Following a spate of civil suits filed against music consumers in September, the Recording Industry Association of America (RIAA) has launched the next phase of its war on digital piracy. The organization has sent a total of 204 letters to individuals, each of whom, it claims, has made at least 1,000 songs available for upload on peer-to-peer file-trading services such as Kazaa.
The RIAA sent out the letters in two groups, the first last Monday and the second last Thursday. Moreover, the association said it intends to continue “identifying illegal file sharers for purposes of enforcement.”
Unlike the lawsuits filed in September, which gave no prior notice to individuals, these letters are designed to serve as warnings to those whom the RIAA has targeted, offering them the opportunity to settle with the RIAA if they respond within 10 days of receiving notice. Otherwise, as each letter states, the RIAA will begin litigation proceedings.
“Although we want you to appreciate the harm that piracy causes, the purpose of this notice is to provide you with the opportunity to resolve this matter and avoid being sued,” the letter states.
RIAA president Cary Sherman said the letters were sent because the RIAA “want[s] to go the extra mile and offer illegal file-sharers an additional chance to work this out short of legal action.”

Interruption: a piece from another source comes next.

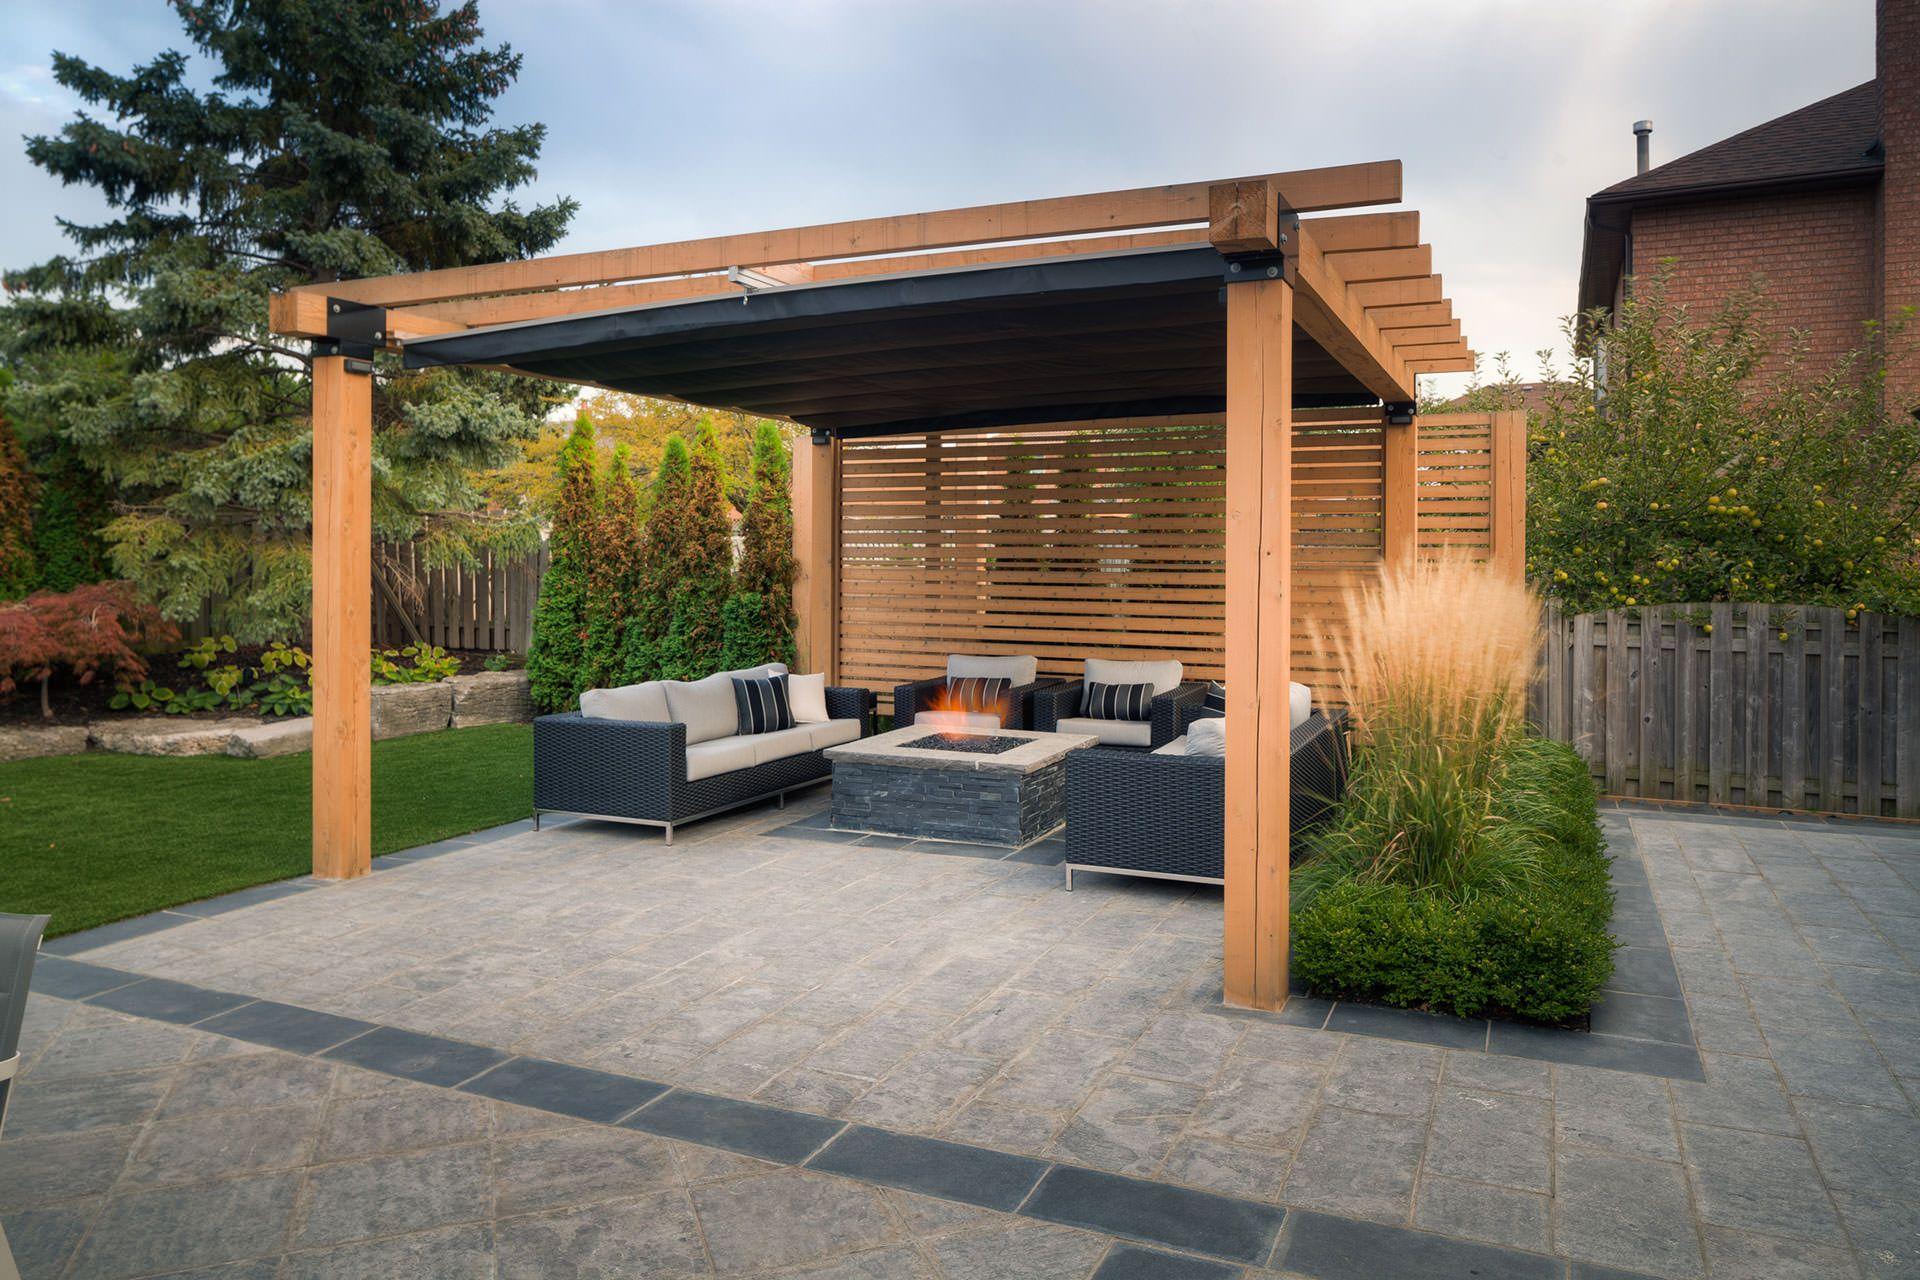 9 diy cool creative patio flooring ideas backyard

Sherman added: “Our objective here is not to win lawsuits. It is to foster a business environment where legal online music services and bricks-and-mortar retail stores can flourish. Our continuing efforts are critical to the long-term success of the copyright community, which accounts for thousands of jobs in this country and is our leading export.”
However, Cindy Cohn, legal director of the Electronic Frontier Foundation (EFF), told the E-Commerce Times that the RIAA’s method of quelling unauthorized file-sharing is not cost-effective, at least in the short term.
“It’s fair to say that they’re losing money on this,” she said, adding that the average settlement has been between US$2,000 and $5,000 — less than what it probably costs the RIAA’s legal team to search for people illegally sharing files, serve complaints and negotiate settlements.
“They obviously are trying to send a message, but even if they were sending the best message, they can’t kill [file-sharing],” Cohn noted. “They have not even made a dent.”
For his part, GartnerG2 research director Mike McGuire told the E-Commerce Times that there is an interesting — and substantial — disconnect between RIAA law enforcement tactics and the growth of legal online download services, such as iTunes Music Store and Napster.
He pointed out that the RIAA’s Web site does not feature any information about the increasing number of legitimate music download services being launched. A sister site, Musiciansunited.org, does offer links to legal online music stores, but these sources are not emphasized.
McGuire said this lack of a positive, proactive statement seems peculiar, given that one way to counter a phenomenon like illegal file-sharing might be to provide easy-to-use alternatives.
In fact, proactive positioning is usually a precondition of shifting behaviors, he added.
McGuire went on to say that music-industry outsiders like Steve Jobs are the only people injecting any energy into the music business, while the RIAA and major labels seem focused on stopping new consumer behaviors and returning the business to the way it was years ago, with customers buying CDs.
“All the forward momentum and growth is coming from outsiders, and when have we seen this happen in an industry before?” he quipped.